В общем-то, есть правда в словах старшины, но это не вся правда. Поселенцы влюбились в девицу-сержанта, и она для всех – конфетка. Она решила соревноваться с развешанными повсюду сентенциями старшины, шаржами, развешивая их также по всем стенам. И главный герой всех этих рисунков бородатый гном. Одного гнома борода покрывает, как экран, у другого борода подобна крыльям, за третьим борода тянется хвостом. На одном рисунке борода обвивает единственный глаз.
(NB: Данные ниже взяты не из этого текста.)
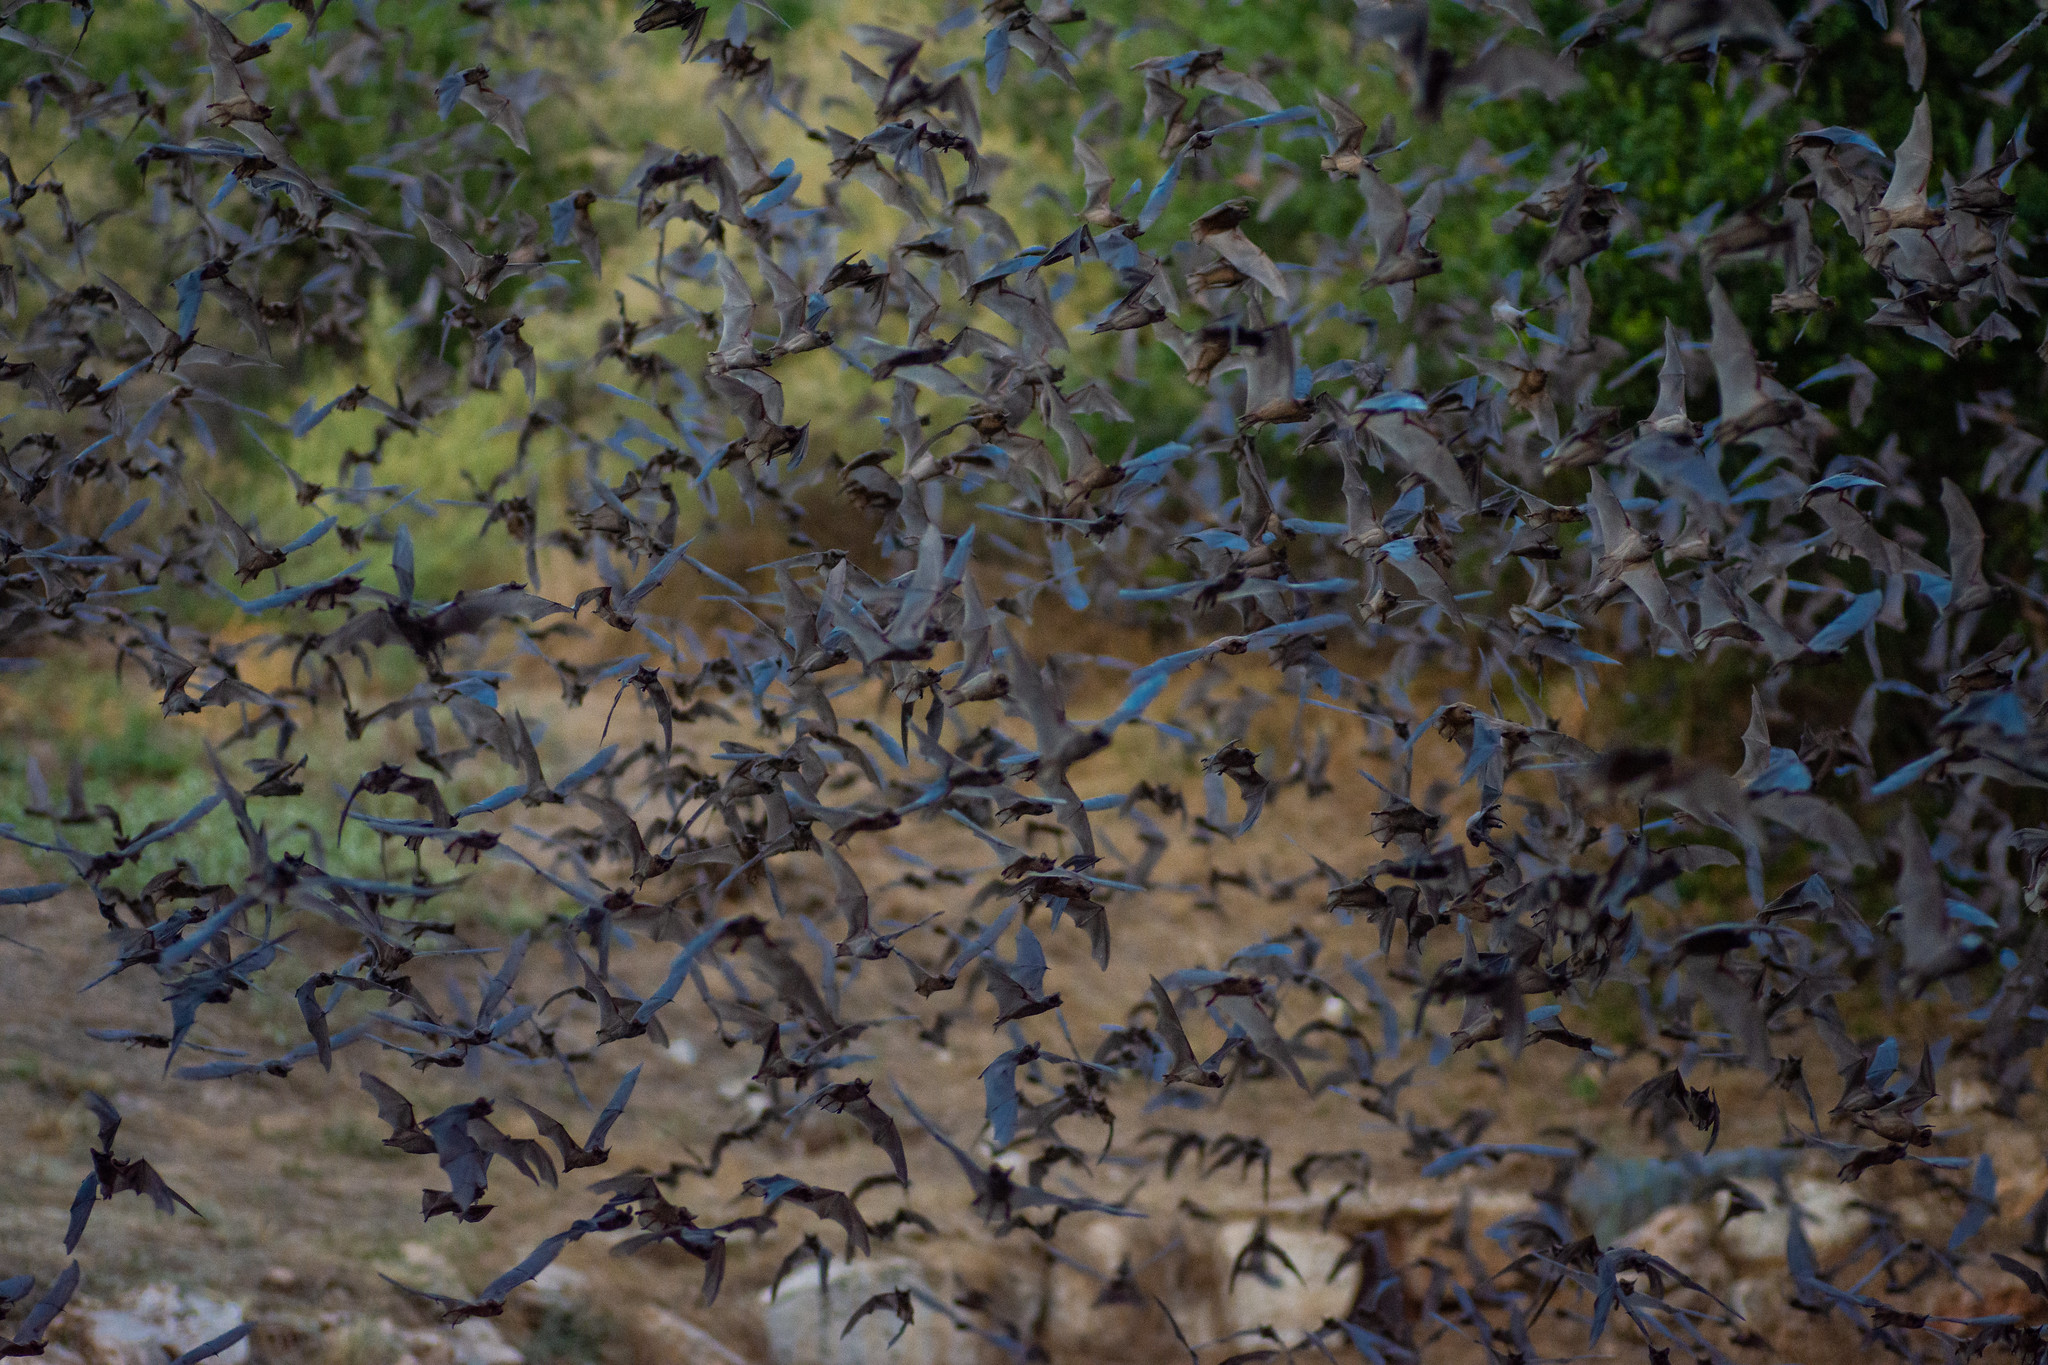 Hundreds of black and dark brown bats fly in a group.

Под ним подпись: «В жилище своей бороды будет жить в одиночестве». До предела наглости дошла девица, повесив один из своих рисунков рядом с перлом творчества Циона Хазизи который висел на стене штабной комнаты капитана Рами:
«Ты, не будь мне человеком мира, который видит работу и говорит: «Мир тебе!» Нарисован был гном, прыгающий с самолета на своей бороде вместо парашюта, запутавшийся в волосах, как паук в паутине. Предстал Цион Хазизи перед капитаном Рами, и глаза старшины метали молнии, а слова его дрожали:
«Командир, хватит!»
«Что, хватит?»
«Сержант унижает меня, командир».
«Тебя?»
Цион Хазизи указал на десантника-гнома, у которого не раскрылся парашют, и он болтал короткими ножками в воздухе. Под ногами гнома девица-сержант подвела жирную черту, похожую на чернозем. Капитан Рами уставился в эту черту и спросил:
«Почему это ты?»
«Командир, если это не я, то кто же?» «Может, я?»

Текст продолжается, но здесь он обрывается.